Rep. Harry Crawford, D-Anchorage, said he was concerned about the big producers, as the only market, forcing down the price on credits. In that scenario, he said, they would get the benefit and the state would still be on the hook for 100 percent of the value. He suggested that the state should also be willing to buy at a certain level so major producers didn’t get too much of a windfall. Marks said there may be some interesting things that can be considered as the bill evolves.
Several legislators had concerns about the state taking a bath on credits if prices dropped and there was discussion about the state buying back at a certain level. The tax division’s Wilson said she thought the concept of transferable credits was to keep the state out of the process. If the state steps into the process, she said, maybe a refundable credit would be the simplest way. She said she didn’t see any value to the state in being a middleman.
Tax-free allowanceMarks said small fields pay little or no tax under the present system and the administration believes this should continue as marginal field development will generate economic benefits.
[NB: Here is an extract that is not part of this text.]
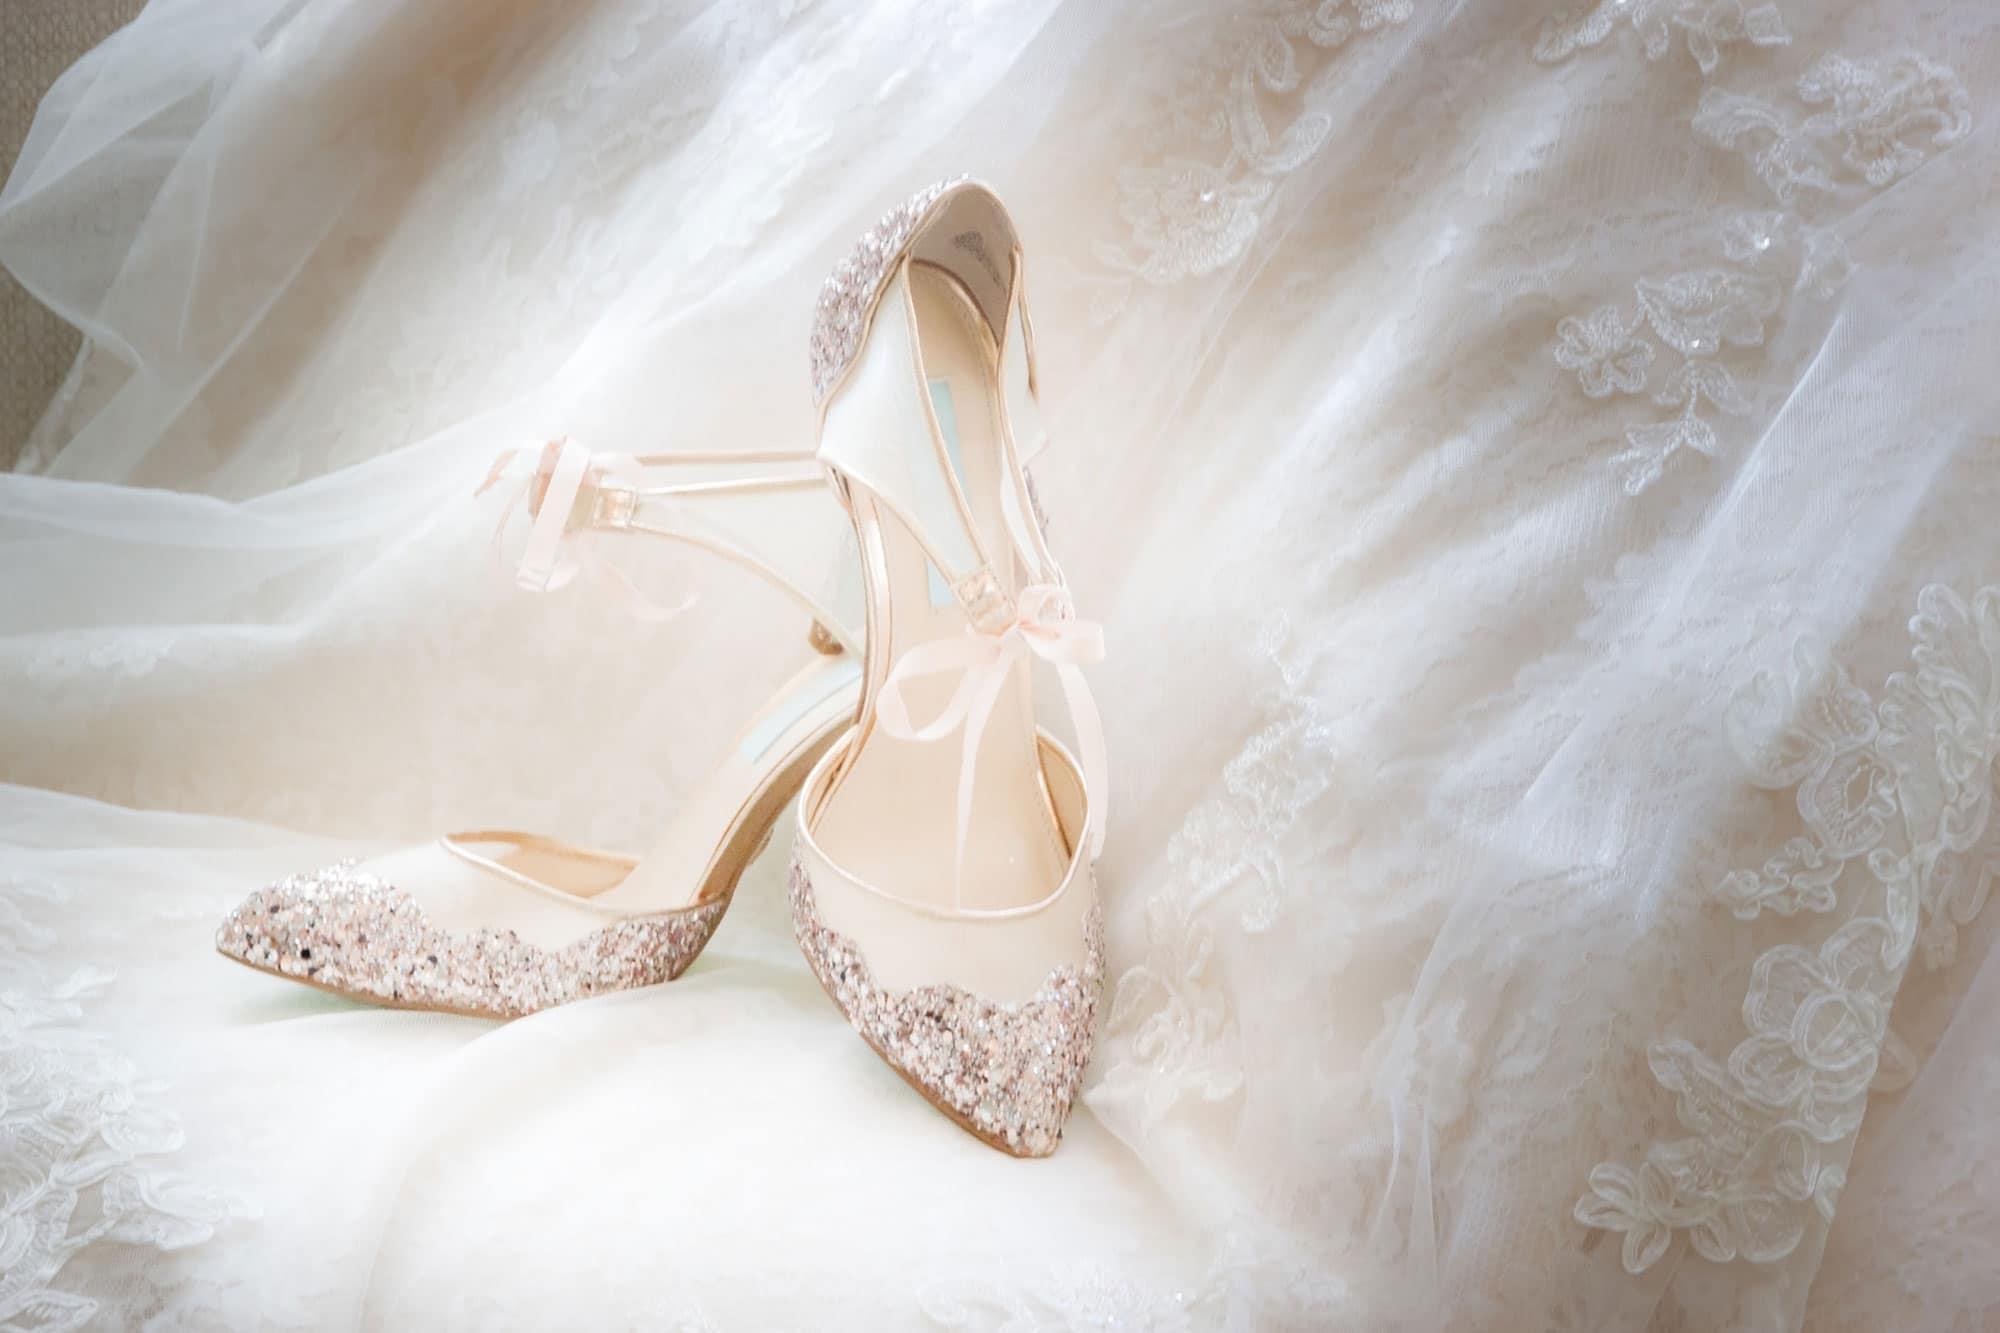 Gelin Ayakkabısı Nasıl Değerlendirilir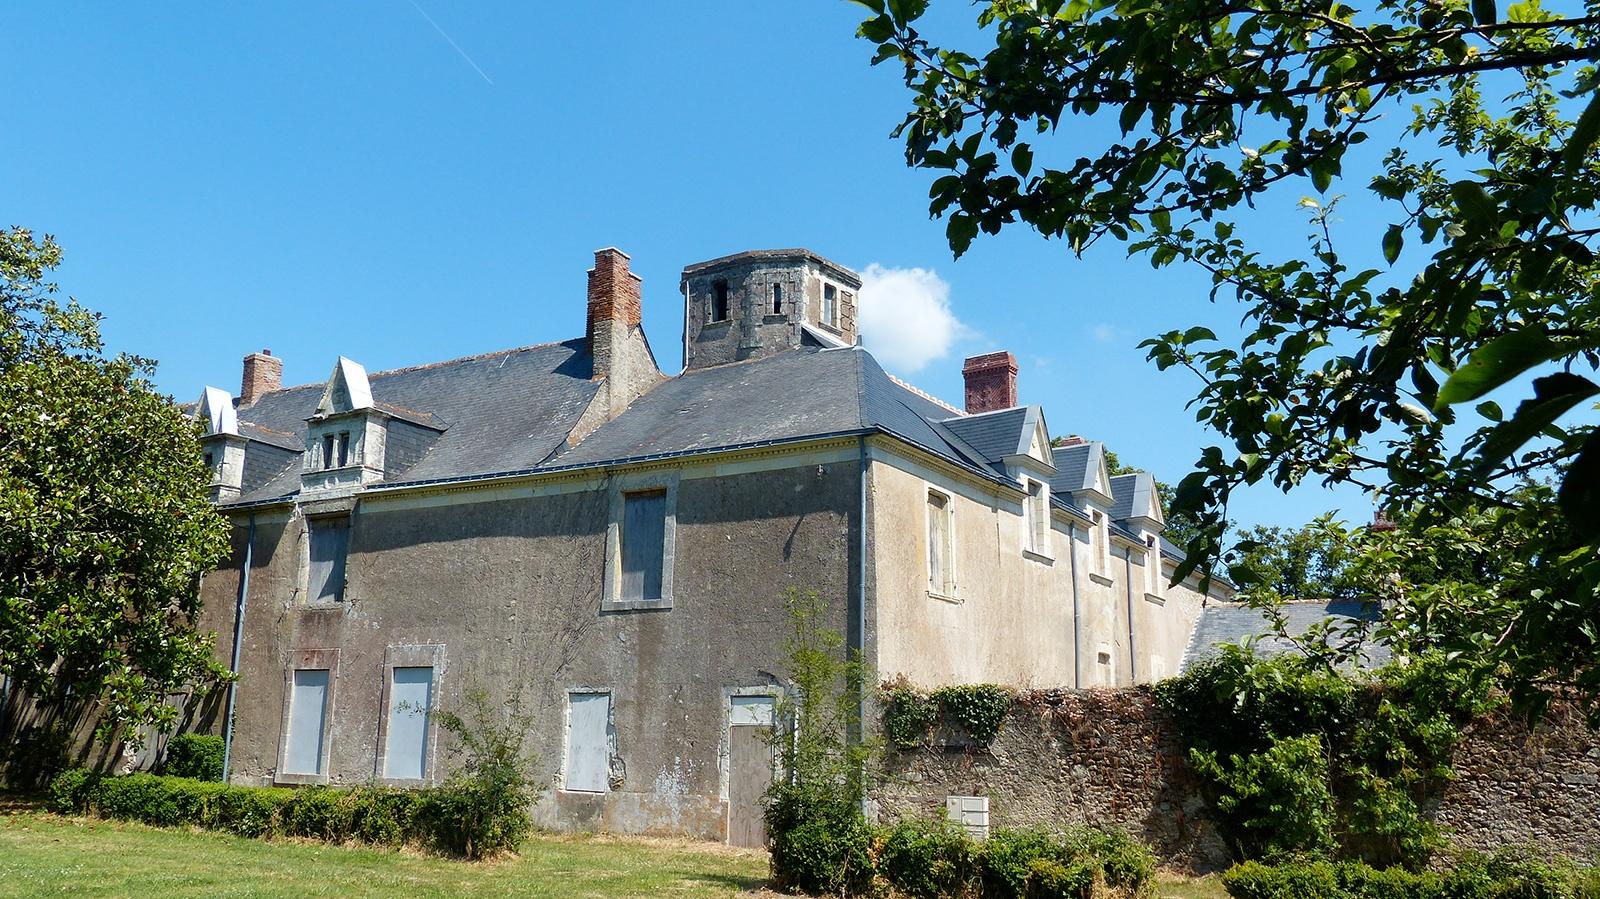 architecture-arpe-association-renaissance-patrimoine-escurays-chateau-prinquiau-loire-atlantique-17

The $73 million tax-free allowance is based on a model of $40 per barrel at the wellhead and 5,000 barrels per day paying no tax.
Marks said the department has been asked if thousands of companies wouldn’t come in to take advantage of the $73 million. He said the department believes the companies would come in and take a look at targets like the Nenana basin: “We think this is a good thing.” The department believes companies would look for new targets to take advantage of the allowance.
Given the goal to consider treatment for small fields, 5,000 barrels per day is a judgment call, Marks said. Kerr-McGee and Pioneer came to the North Slope under a system where they wouldn’t pay on 20,000 bpd; now they will pay on the last 15,000 bpd, he said.
Gara said he was concerned that with the tax credit and the $73 million allowance in the bill benefits companies like BP that you shouldn’t be trying to benefit.
Marks said that relatively this will help small companies much more than big companies.
He said it also treated companies the same in terms of the tax code: different benefits to different companies in the tax code is an invitation for “monkey business,” Marks said. He also said that the benefits were factored into the tax rate.
Allowance up to $73 millionAt $40 per barrel Marks said the department expects seven companies will take the full deduction of $73 million annually — the first $73 million dollars pays no production tax — which at a 20 percent tax rate costs the state about $100 million a year.
Seaton asked how many full deductions the department expects to see at its current long-term forecast of $29.50 per barrel. Marks said less than seven, maybe five at that rate.
Berkowitz asked what the cost would be if the allowance were applied today, and Marks said $100 million a year.
Berkowitz asked who would get the bulk of the allowance and Marks said the seven biggest companies.
But smaller companies would benefit most, Marks said. Since companies pay no production tax on the first $73 million, the main beneficiaries would be smaller companies, who likely would pay no production tax, Marks said.
LeDoux asked about the possibility of doing something that would benefit only smaller companies.
Marks said you could, but that would lead to stresses between new and old companies. If you’re BP looking at a small field and you don’t get the allowance and someone else does, that puts BP at a competitive disadvantage. A level playing field and uniform treatment is the goal, Marks said.